DWP data for the first quarter of 2016 showed that 9% of WCAs carried out at that point in time were reassessments of old Incapacity Benefit claims, while 21% were reassessments of successful ESA claims and the remaining 70% were new assessments of fresh claims. The outcomes, before any reconsiderations or appeals, were:

- After Incapacity Benefit reassessments, 93% of claimants were found to be unfit for work
- After ESA reassessments, 89% of claimants were found to be unfit for work
- After assessments of new claims, 54% of claimants were found to be unfit for work

==History==
The WCA was introduced in 2008. Prior to this, only a small number of Incapacity Benefit claimants were required to undergo assessment. In its last term of office New Labour began to phase out Incapacity Benefit and replace it with a new benefit: Employment and Support Allowance. The policy objectives for the new test were: to accentuate the positive by "looking at what you can do, not what you can't do"; to take into account new disability legislation, changes in the workplace and developments in occupational health; to make the test more stringent; to assess most new claims in person rather than on paper; and, once the new test had bedded in, to use it to re-evaluate virtually every established sickness benefit recipient. To facilitate these last two objectives testing capacity was increased fivefold by employing nurses and physiotherapists to work alongside doctors, and a semi-structured interview technique based on a computer-generated template was used for the first time.

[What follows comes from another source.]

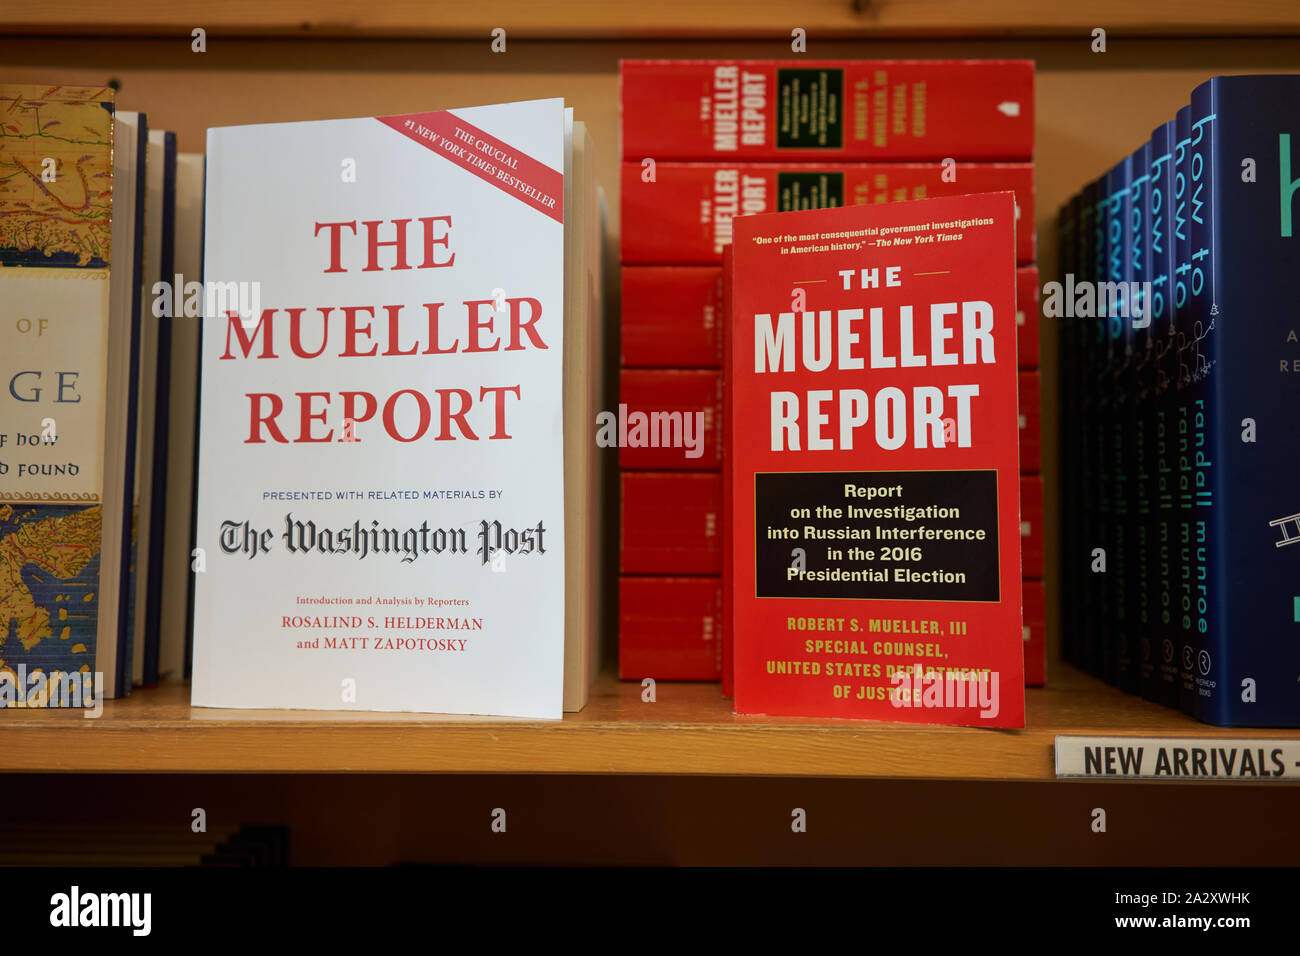 Portland, OR, USA - Sep 27, 2019: Robert Mueller's book 'The Mueller Report' displayed in Powell's Bookstore in Portland. Stock Photo

Initially, only fresh claims for ESA were assessed, but the sickness benefit caseload increased – partly a consequence of the banking crisis and its effect on the economy and on jobs. An overhaul of the test began soon afterwards. The Labour Welfare Secretary at the time, James Purnell, wrote that these and other changes would ensure that "only those who are genuinely incapable of work" would get full ESA. The DWP's in-house medical experts piloted the new criteria in 2010 and parliament gave them legal force in March 2011. Some of these changes would make it easier for some claimants with specific conditions to receive ESA, but most were intended to toughen up the test. The WCA then became the fulcrum for a reassessment of all recipients of Incapacity Benefit and all disabled people on Income Support.

In 2011, after an external review by Professor Malcolm Harrington, Atos designated some of their assessors as 'mental function champions', who would provide mainly telephone advice to other assessors on mental health issues as they related to the WCA's criteria As well as this, in 2011 the DWP began to send decision-makers justifications to the claimants, which explained how the decision was made in plain English.

In 2017, the DWP said that henceforth claimants placed in the Support Group after their WCA who have a "severe, lifelong disability" (as judged by the DWP) would no longer have to undergo periodic reassessment.